The Bessacarr/Swift site states - Bessacarr, a true icon of luxury and high performance the Bessacarr is still the best in its class with a proud heritage.

I purchased my first new motorhome on 11th March. Since then it has been fraught with problems which just go to show that their quality controls are non-existent. Problems have been:

1. Bathroom sink waste not connected
2. Leaking ill fitted skylight
3. Badly fitted interior doors, opening whilst driving even when in locked position
4. Badly fitted interior doors, cupboard light staying on even when door closed
5. Cracked kitchen sink
6. Ceiling/Skylight not fitted correctly rattling at speed
7. TV mount fitted back to front
8. Excess glue across interior roof
9. Exterior trim ill fitted allowing rain to penetrate chassis

All of this on a new vehicle!
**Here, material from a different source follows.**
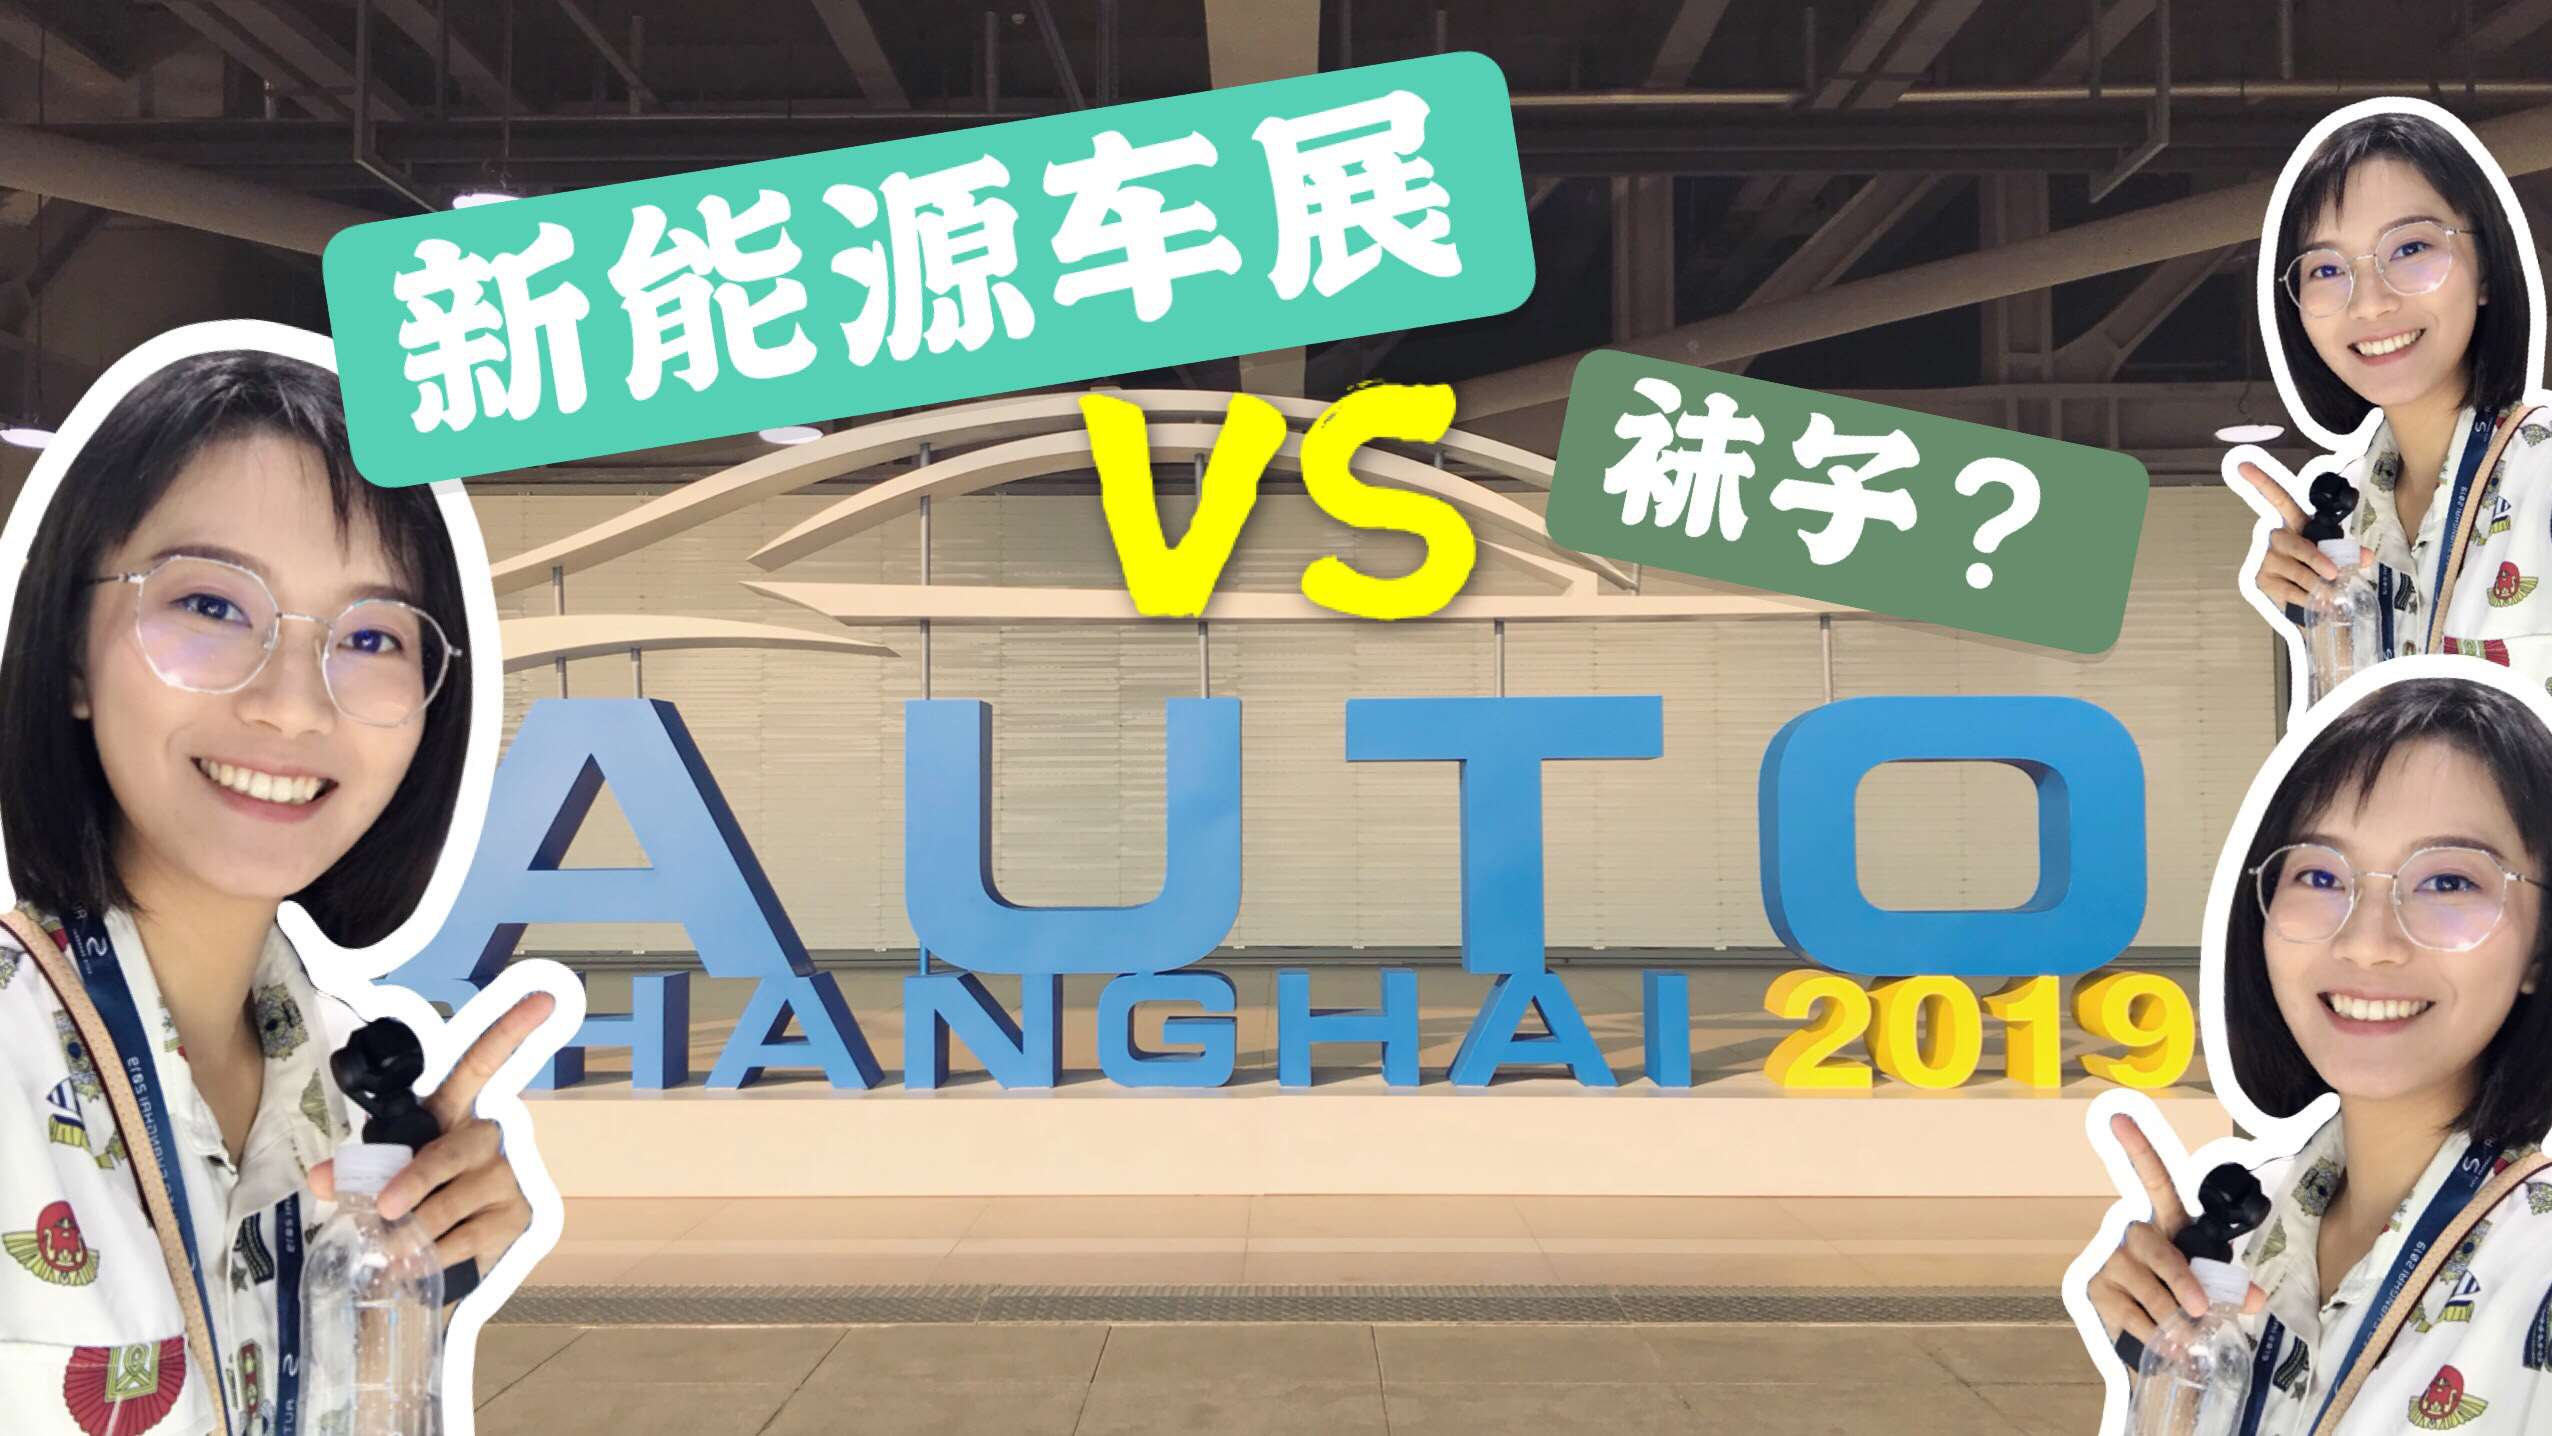 上海车展的新能源车和袜子有什么关系呢

It seems they are happy to release vehicles in a par low condition and then let their agents pick up the issues.

This is not a comprehensive list as there have been other smaller items. Others related to the PDI aspects (Gas leak identified on first outing) and insufficient knowledge on the model being sold by the agent, Ebor Caravans.

So far a poor experience on my first new purchase. The one advantage is that I chose a local dealer so easier to get issues looked at and have a supportive contact at Ebor who is keen to help resolve the problems. Swift have been far from helpful from what I can see and certainly do not seem responsive to the issues identified.

I would not recommend Swift or Bessacarr to friends based upon my experience to date.


----------



## JanHank (Mar 29, 2015)

Good morning and welcome to the forum.

You certainly seem to have been sold the motorhome that was made on a Friday, everyone in a hurry to get away.
However did all these visible faults get past the dealers check (its got a special name, but its too early in the morning to remember what its called:smile2
The bathroom waste was also not connected on our Navajo when we picked it up, but as a friend of ours also had that trouble we checked it for ourselves before using the basin.
I hope you will soon get these faults sorted and get on with enjoying you motorhome travels as we on this forum all do.


----------



## Pudsey_Bear (Sep 25, 2008)

slwatts1 said:


> The Bessacarr/Swift site states - Bessacarr, a true icon of luxury and high performance the Bessacarr is still the best in its class with a proud heritage.
> 
> I purchased my first new motorhome on 11th March. Since then it has been fraught with problems which just go to show that their quality controls are non-existent. Problems have been:
> 
> ...


Hi and welcome to MHF, unfortunately you are preaching to the converted, Swift do not have a good name on here, also unfortunate that you only join now after buying, and not before to ask about which is best, but they all have problems, swift have more because they build more, but we all learn the hard way, try going onto the swift forum http://www.swiftmotorhomesownersclub.co.uk/

I sincerely hope that it all gets sorted out quickly and you can start to enjoy your new MoHo, good that you bought local, so many do not and pay the price.


----------